As a Friends member, I support their mission, but have a different take on this issue.

Last year, the Service informed the City that it would not spend additional money on property improvements without first updating the management agreement between the parties, reasserting its continued lead role.  The City then voted to terminate that agreement and assume management control of the property if a mutually acceptable agreement could not be reached in six months.  That period has passed, and a decision may be forthcoming at the January 22 City Council meeting.

Clearly, the Service and City have experienced difficulties in defining and agreeing on their shared roles, responsibilities and priorities for managing the property.  Regardless of who exercises the lead property management role (and I doubt that a City lead would result in harm to the resource), the Service will continue to maintain its presence and lead role in managing manatees as per the Endangered Species Act.  It will also continue its lead role as manager of the lands and waters contained within the Crystal River National Wildlife Refuge.  The City, along with the County, will maintain its primary interest in promoting tourism.

As is often the case, key questions and decisions revolve around money.

If the Service loses its lead management role for the property, will the funding appropriated in its budget for property improvements be re-programmed to other areas, as Service personnel have suggested?  Given this Administration’s budget requests proposing large reductions for Service and other environmental programs in 2018, with similar prospects in subsequent years, how much money will remain available in future Service budgets for property improvements, not to mention refuge operations and visitor use programs?  If the City assumes the lead role in property management, and Service money is not available, how will future improvements be funded?  Can State grants be awarded?  Can county funds be obtained?

Service and City officials will need to maintain a high degree of cooperation regardless of which entity carries out the lead role in managing the Three Sisters Property.  Hopefully they can negotiate a new set of mutually acceptable roles, responsibilities and funding arrangements.  As a former Service employee and program manager, I believe an agreement can and should be reached which retains available property improvement funding regardless of lead and supporting roles.

Gary Rankel,  Citrus Hills, Florida

 

Improve the quality of Citrus county waters

November 24, 2017.  My following letter was published in the Citrus County Chronicle on this date.

Thanks to Senator Simpson, and to the Chronicle for its November 19 Opinion supporting his plan to improve the quality of county waters by removing and replacing polluting septic tanks with a modern central sewer system.

I’ve read far too many articles, commentaries and opinions praising recent misguided efforts to “save our waters” or “save our bay” by raking, harvesting, vacuuming or dredging up deposited muck and Lyngbya.  They generally fail to mention the resultant impacts of increased turbidity and the accelerated dispersal of deposited nutrients and Lyngbya to adjacent areas, thereby promoting further algae blooms and facilitating the expansion of Lyngbya infestations.

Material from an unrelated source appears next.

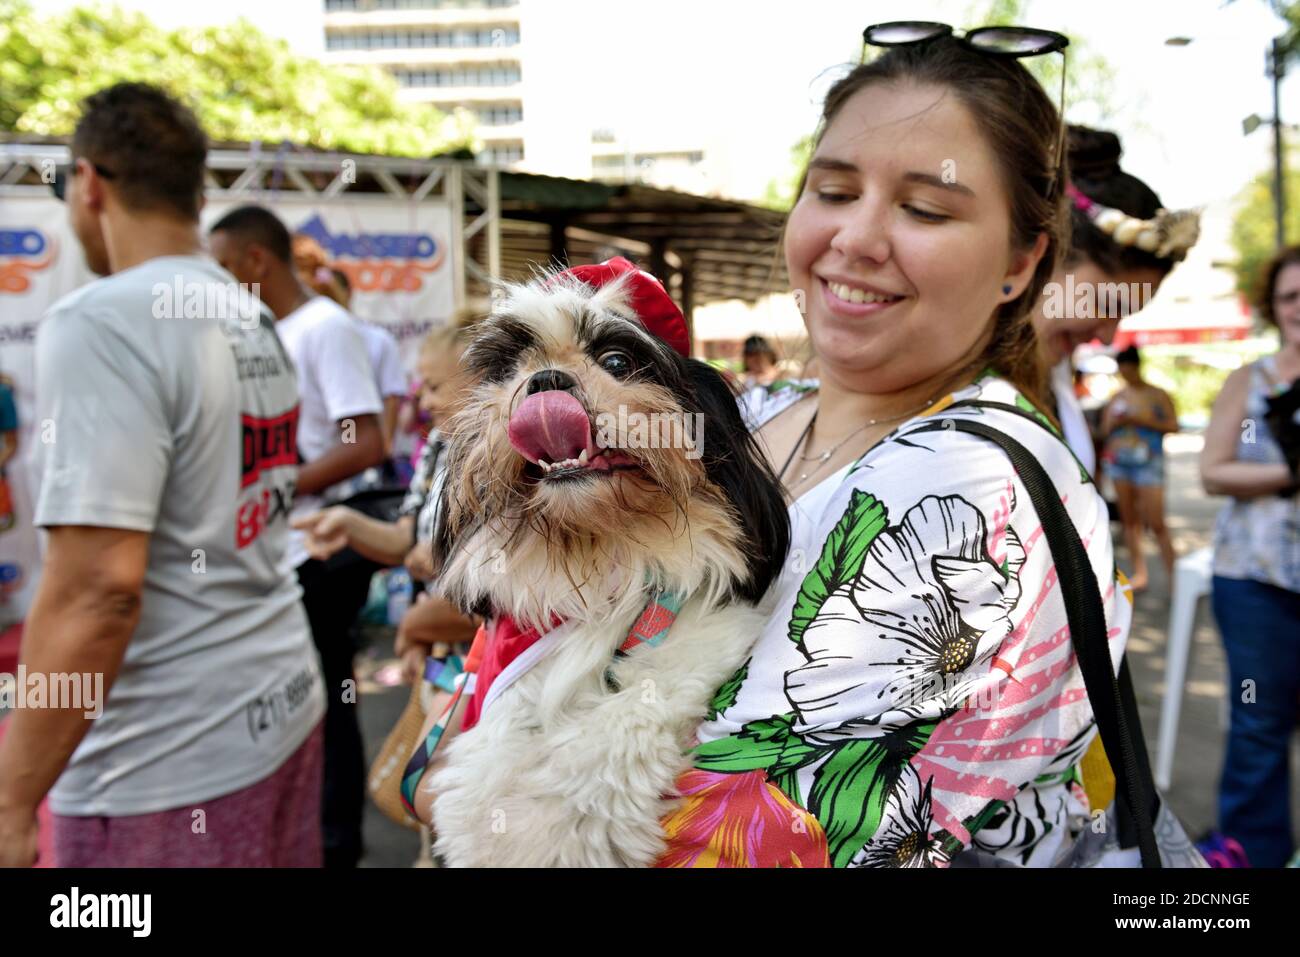 Brasile, Rio de Janeiro, 15 febbraio 2020: Festa per animali domestici. I proprietari di cani si incontrano per celebrare il Carnevale con i loro amati amici a quattro zampe. Foto Stock

Rarely, have I seen acknowledgements that such efforts are temporary, requiring repeated cleaning, over and over again, as nutrients, notably nitrogen and phosphorus, from sewage effluent and fast-release fertilizers continue entering our aquifer and surface waters.

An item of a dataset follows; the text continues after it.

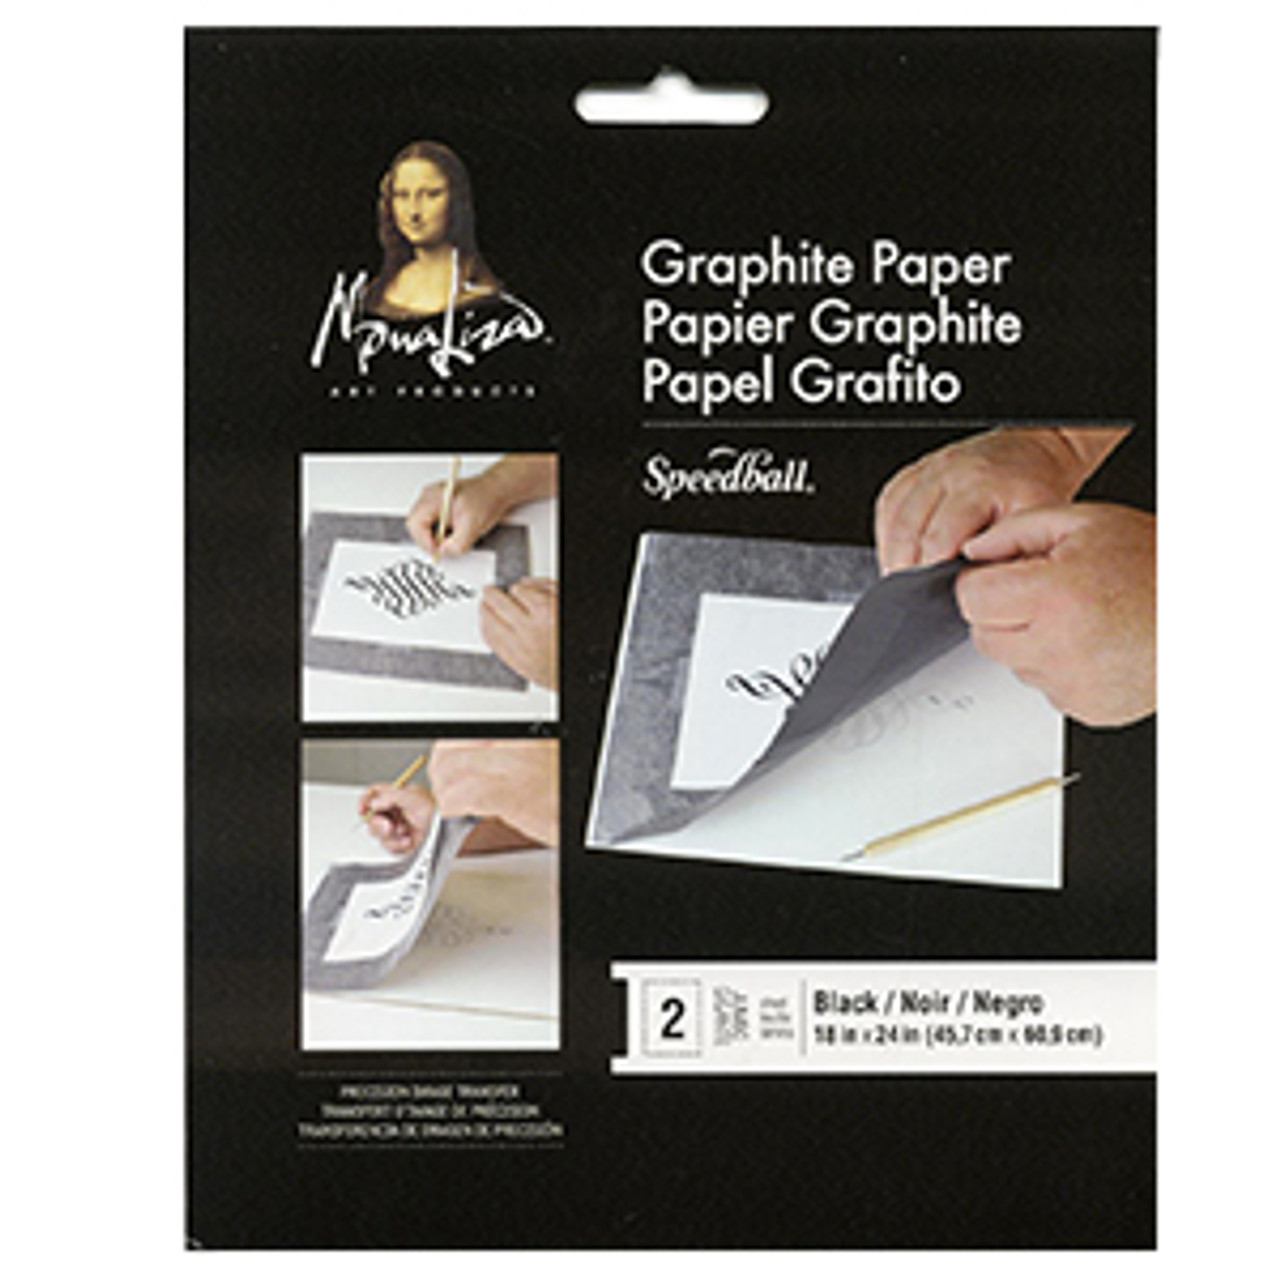 Graphite Transfer Paper For Wood, Metal, Paper, Ceramics & More, 18" X 24" 2pk

Many articles have gone on to applaud the planting of Rockstar vegetation in these “cleaned” areas, often not mentioning the unsightly fences needed to protect these patches from the next wave of manatees seeking a nice snack to munch on.  Seagrass and other macrophyte planting programs should be considered, but only once the causes of their demise are addressed, and conditions favoring their survival over competitive nutrient loving nuisance species are achieved.

I’ve yet to read an authoritative report confirming any lasting effect of these “clean-up” efforts, or any sustained reestablishment of the Rockstar vegetation once the fencing has been removed welcoming the manatees in to chow down.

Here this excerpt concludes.